Methods: To collect data on Medicaid benefits for SUD services, we conducted a 15-minute, internet-based survey of representatives in state Medicaid agencies. In total, 47 Medicaid Agencies participated in the survey. We collected data on state Medicaid benefits for 11 services: short-term and long-term residential treatment, detoxification, recovery services, individual, group and intensive outpatient therapy, injectable and oral naltrexone, buprenorphine, and methadone. To examine treatment organizations’ acceptance of Medicaid, we used data from the (2013-2014) of the National Drug Abuse Treatment System Survey (NDATSS), a longitudinal study of SUD treatment organizations in the United States (n=635). We created a summative measure of the generosity of SUD treatment benefits using states’ responses regarding whether they covered each service, and if so, whether they imposed service utilization limits. We used a random effects regression model to estimate the association between the generosity of benefits and Medicaid acceptance by SUD organizations, controlling for other state-, organization- and community-level factors.
Results: The vast majority of states cover group, individual and intensive outpatient services and detoxification (over 40 states), while fewer states cover long-term residential and recovery support services (less than 25). The majority of states impose some limits on at least some of their covered services, but the degree to which states impose limits varies by service ranging from almost all the states covering buprenorphine services imposing limits to only a third of those states covering recovery services imposing limits. The generosity of state Medicaid agency benefits for SUD services was significantly and positively related to programs’ acceptance of Medicaid (OR: 1.24, 95% CI: 1.05, 1.46).

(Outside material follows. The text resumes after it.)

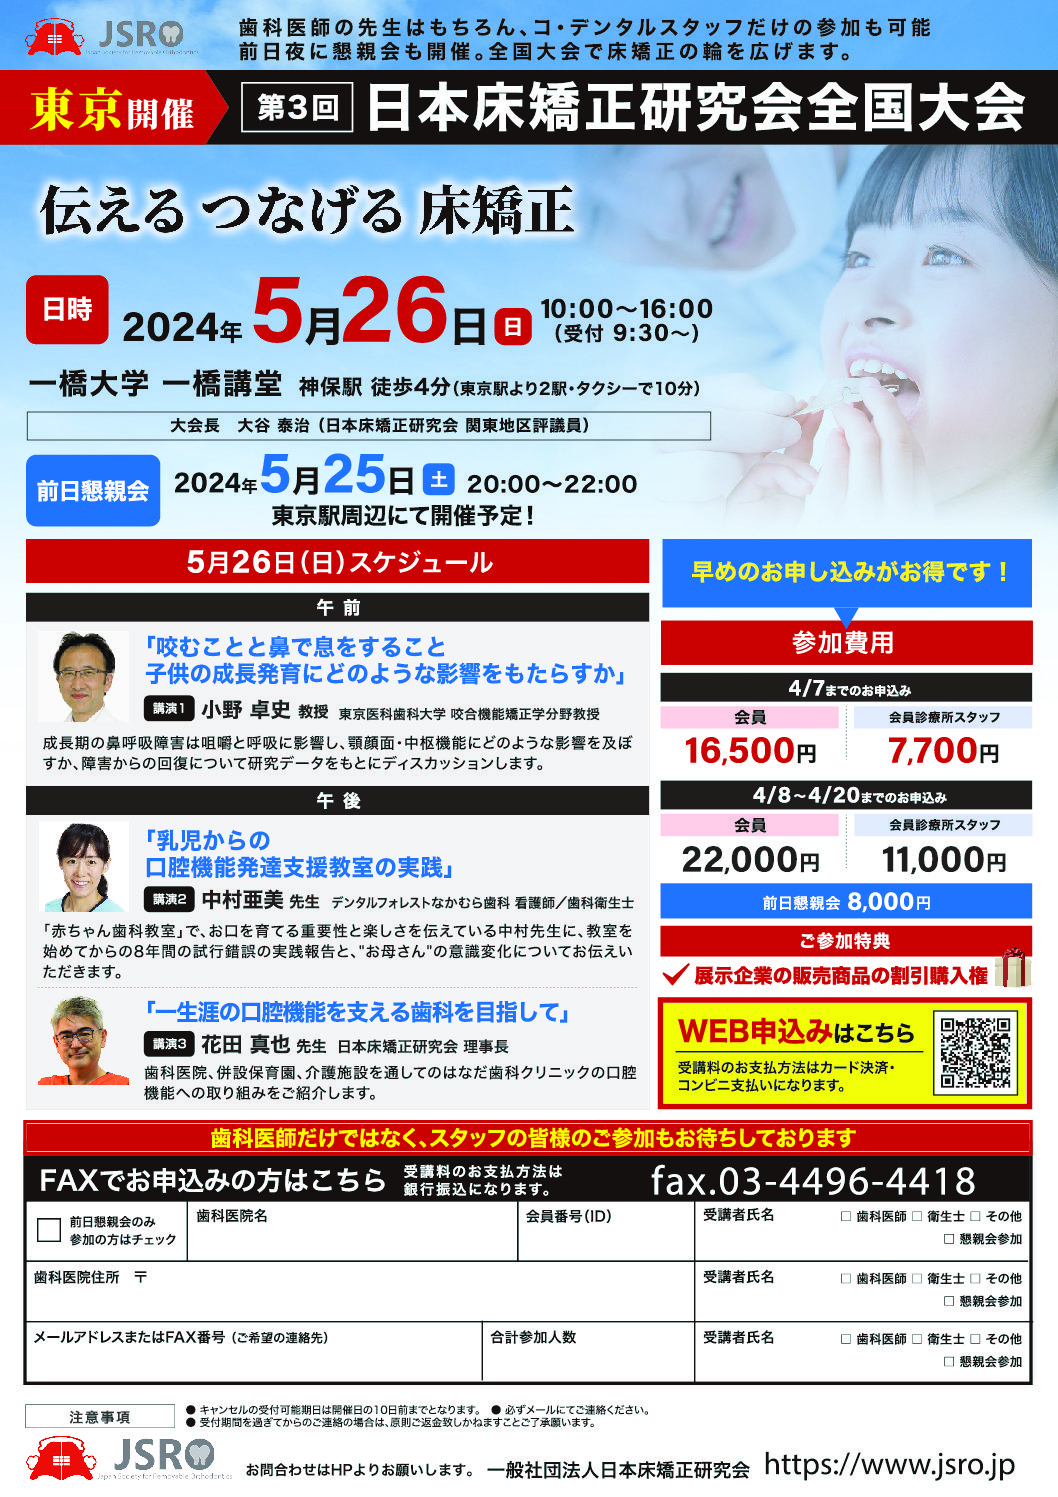 学術セミナー | 一般社団法人 日本床矯正研究会
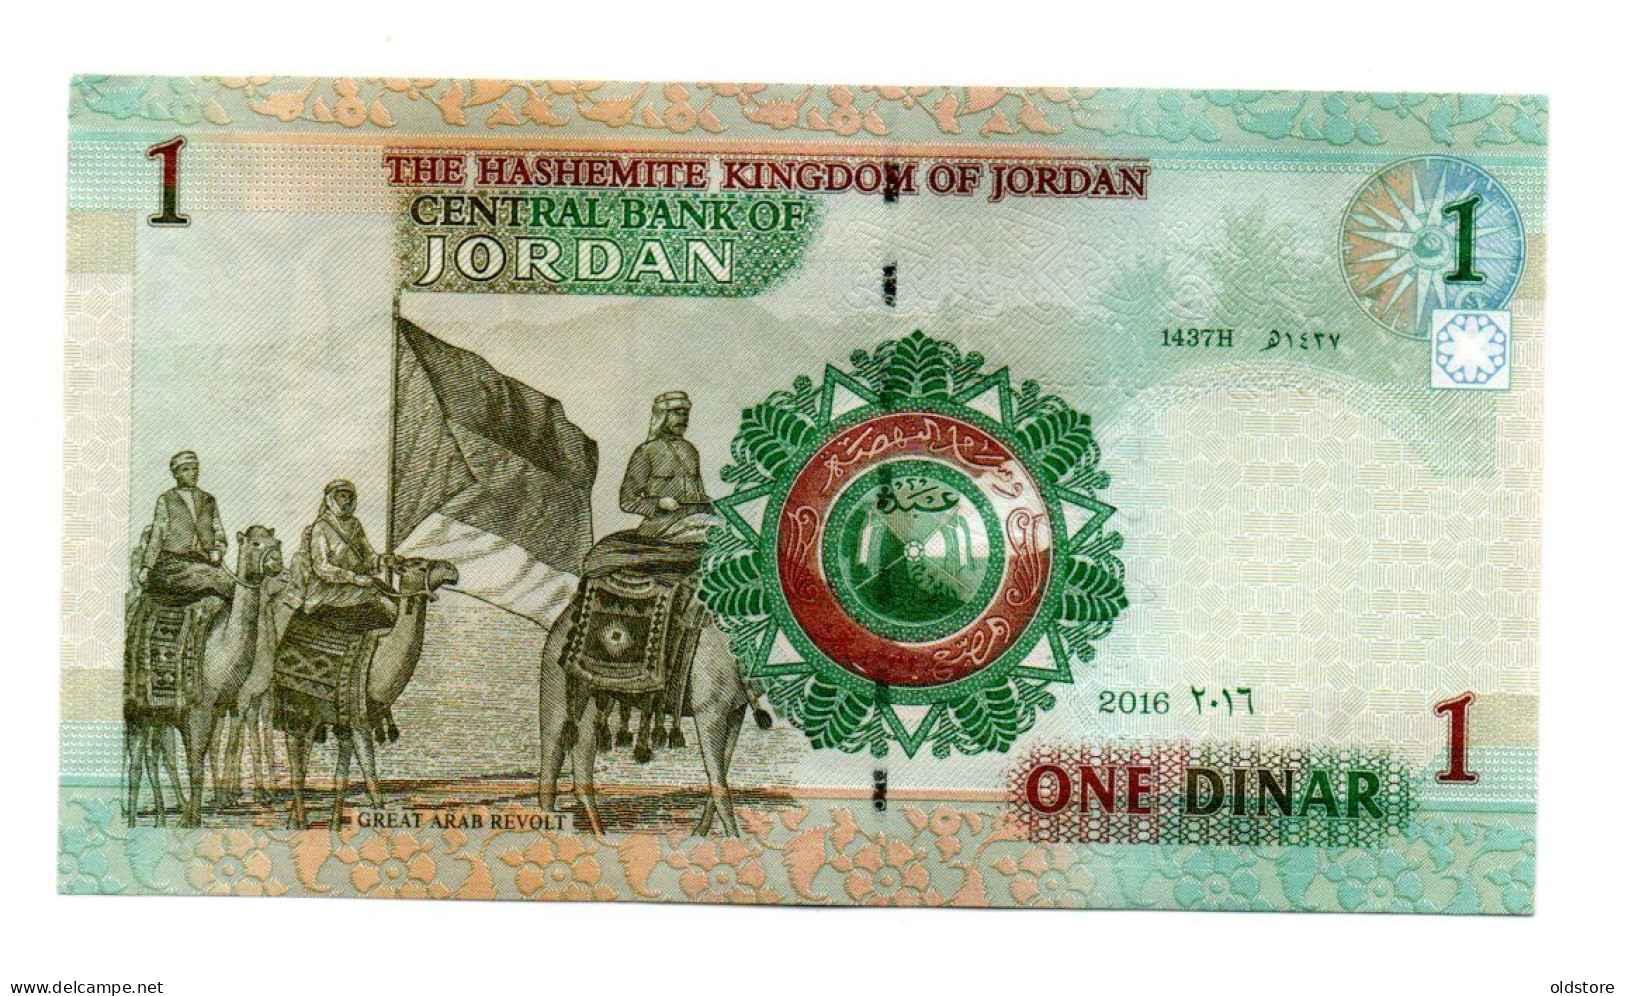 Jordan Banknotes -  10 Rupees -  2016 - Low Serial Number ( 000016 ) - UNC - Jordan

Conclusion and Implications: Because states have significant flexibility, Medicaid coverage of SUD services and the extent to which states restrict coverage through copays, pre-authorization and annual maximums varies substantially. Moreover, states’ benefits decisions were strongly correlated with SUD treatment organizations’ willingness to serve Medicaid patients. These findings suggest states’ benefits decisions may have important implications for SUD service access. It is crucially important that future research seeks to understand how Medicaid enrollees are faring under these drastically different SUD benefit designs.